Data >>

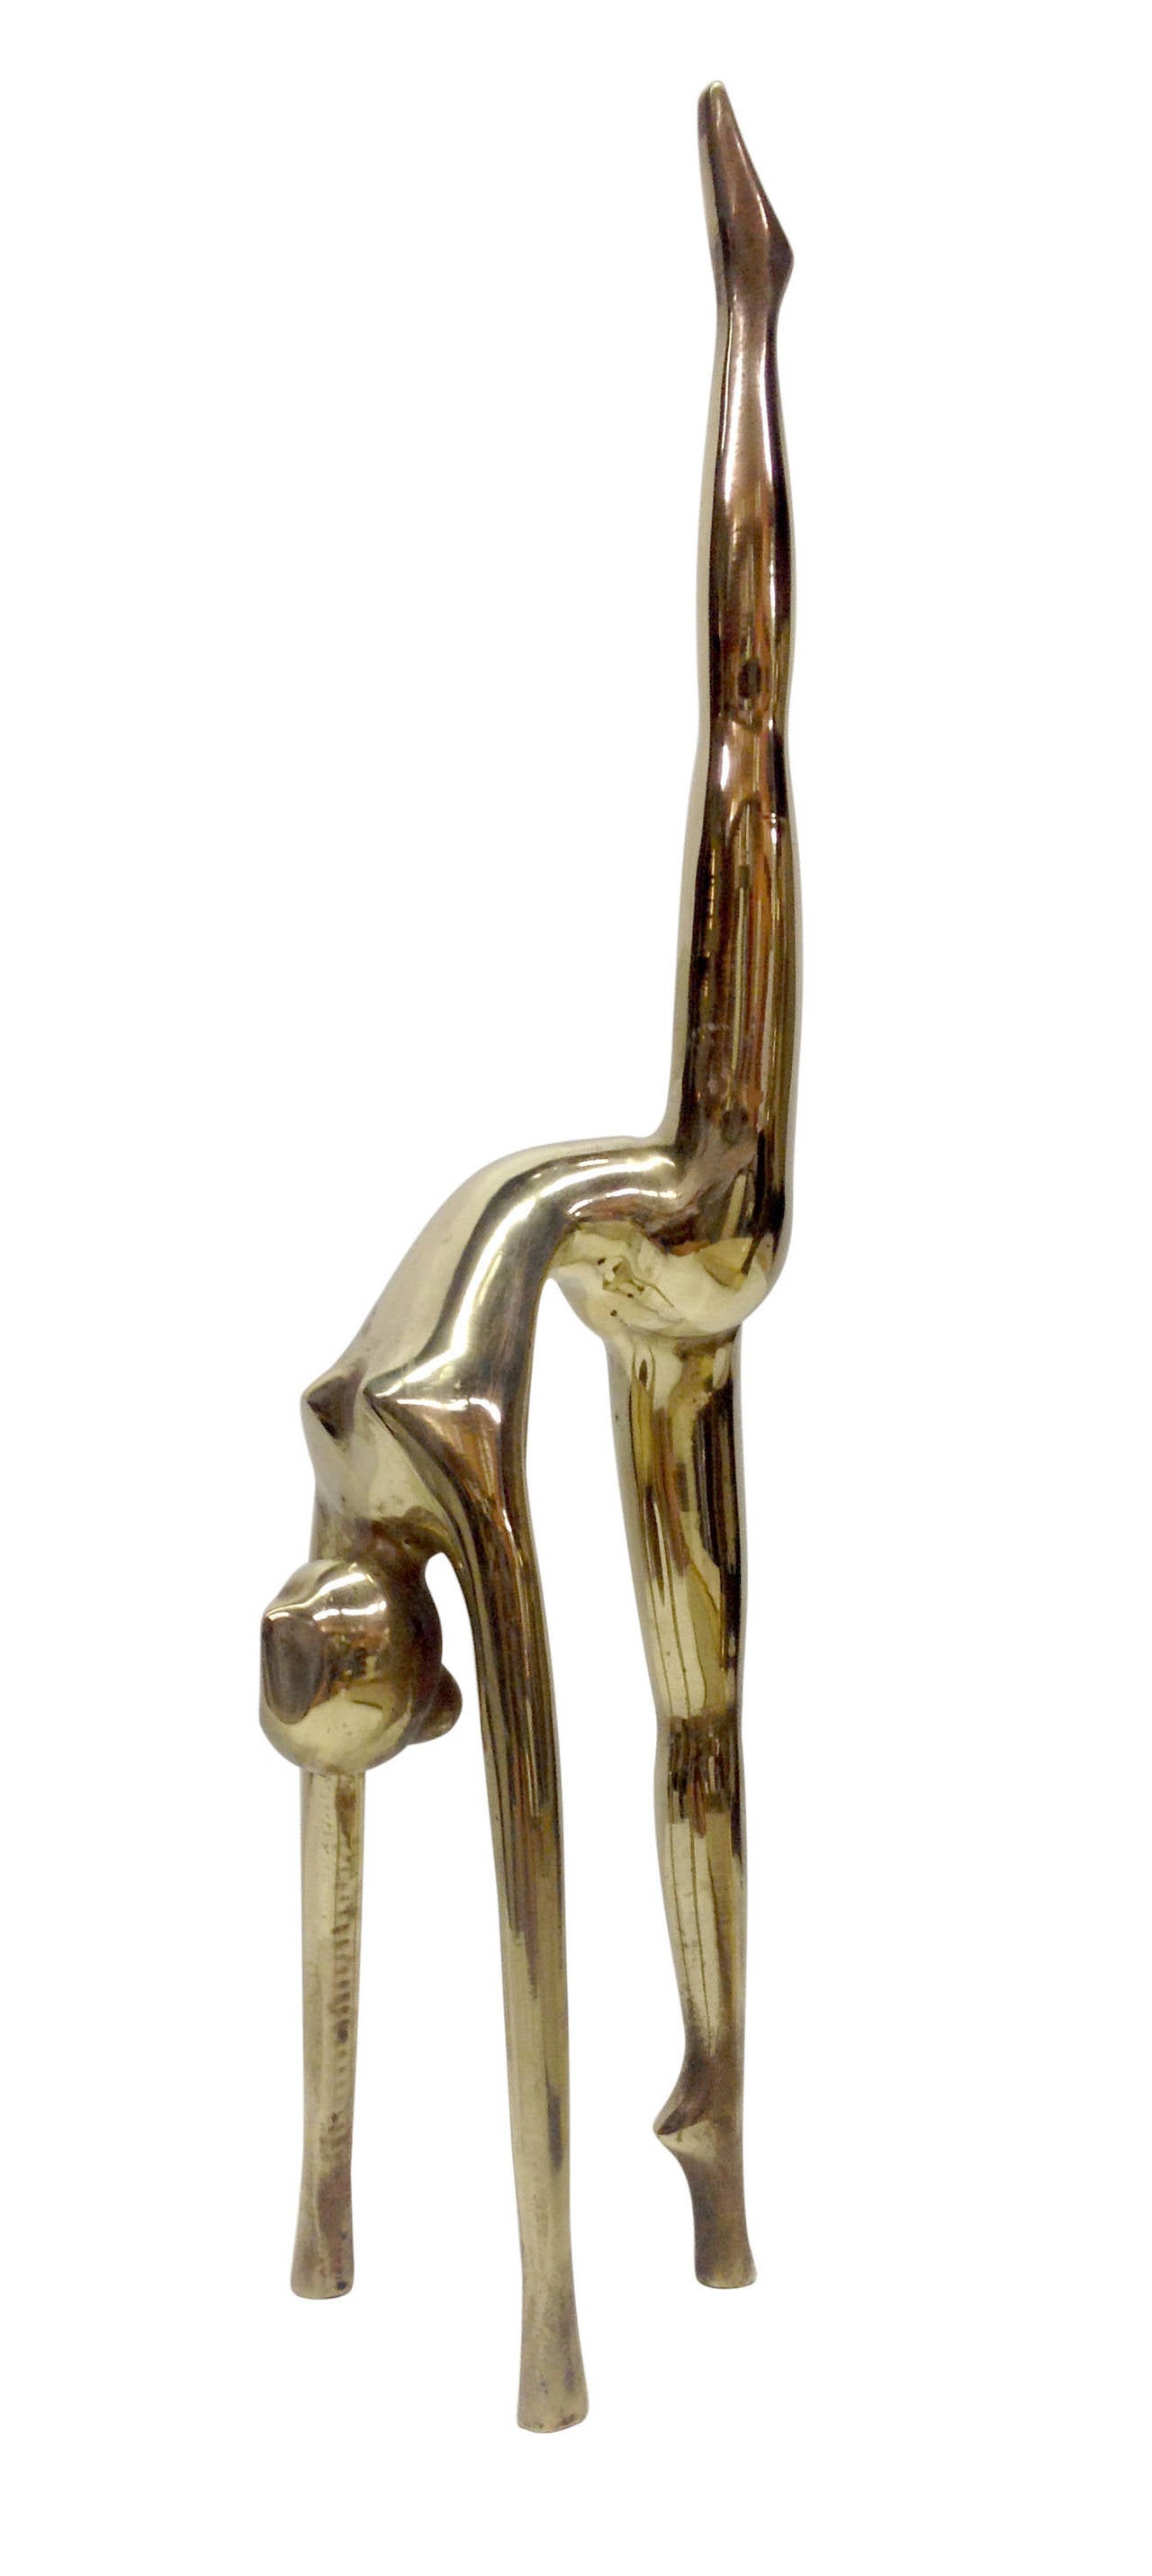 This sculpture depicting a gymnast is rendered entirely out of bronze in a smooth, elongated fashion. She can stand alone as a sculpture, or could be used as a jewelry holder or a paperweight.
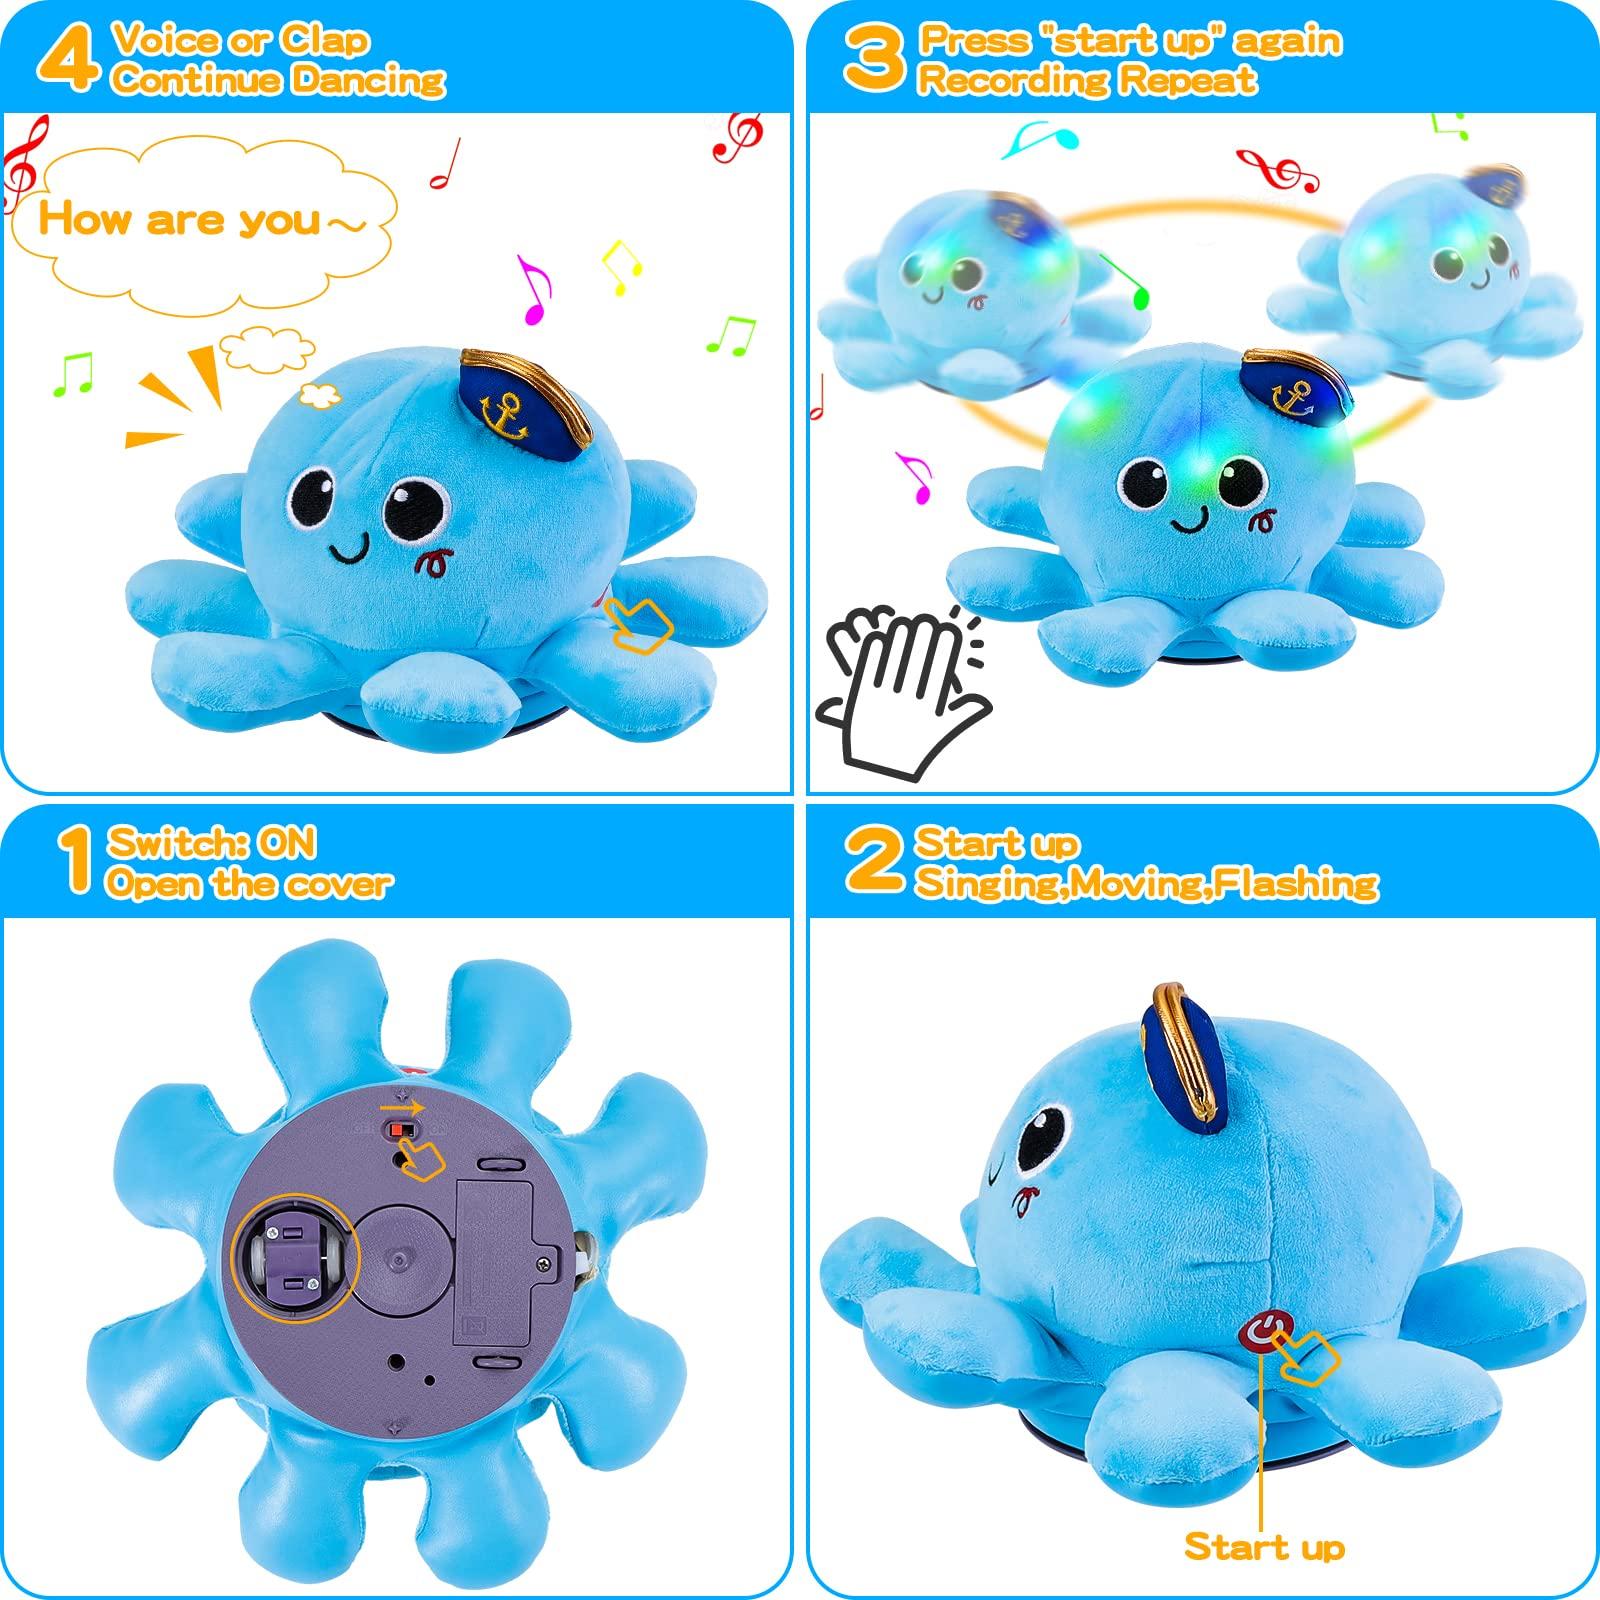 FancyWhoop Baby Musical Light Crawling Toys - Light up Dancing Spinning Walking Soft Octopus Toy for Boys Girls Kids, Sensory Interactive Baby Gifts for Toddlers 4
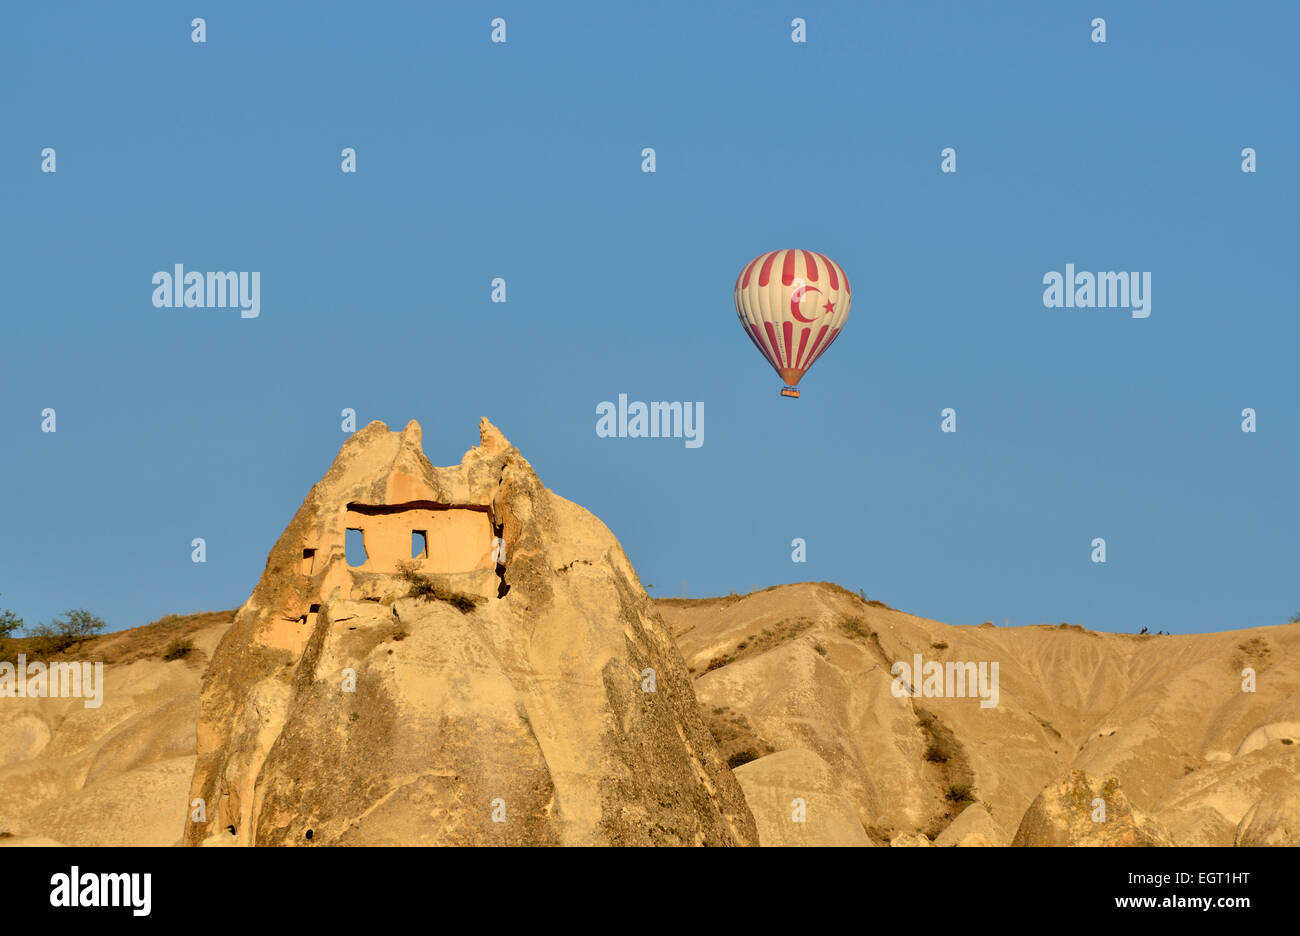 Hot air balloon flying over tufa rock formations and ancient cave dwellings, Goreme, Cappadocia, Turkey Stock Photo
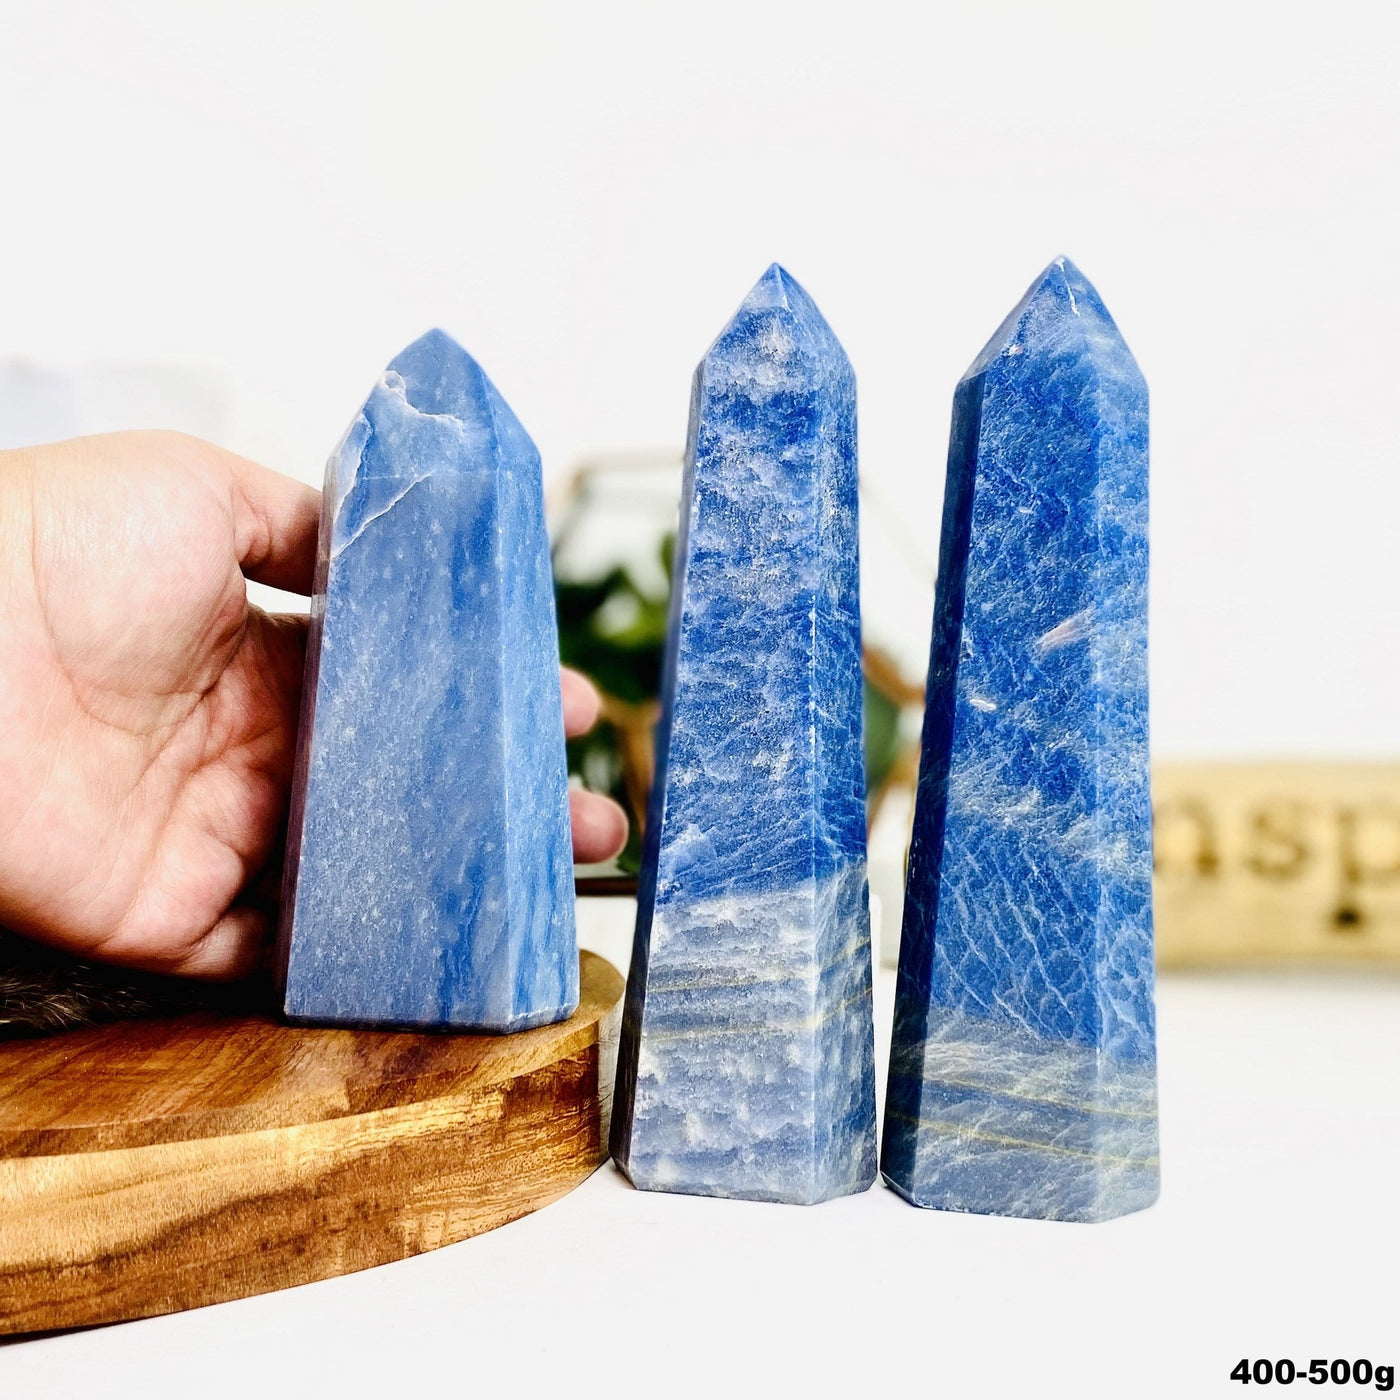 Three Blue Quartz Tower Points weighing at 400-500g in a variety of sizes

Task details >> Since the pictures are not part of the copy, transcribe only the remaining material, exactly.

Exercise response >>
 This sculpture depicting a gymnast is rendered entirely out of bronze in a smooth, elongated fashion. She can stand alone as a sculpture, or could be used as a jewelry holder or a paperweight.
 FancyWhoop Baby Musical Light Crawling Toys - Light up Dancing Spinning Walking Soft Octopus Toy for Boys Girls Kids, Sensory Interactive Baby Gifts for Toddlers 4
 Hot air balloon flying over tufa rock formations and ancient cave dwellings, Goreme, Cappadocia, Turkey Stock Photo
 Three Blue Quartz Tower Points weighing at 400-500g in a variety of sizes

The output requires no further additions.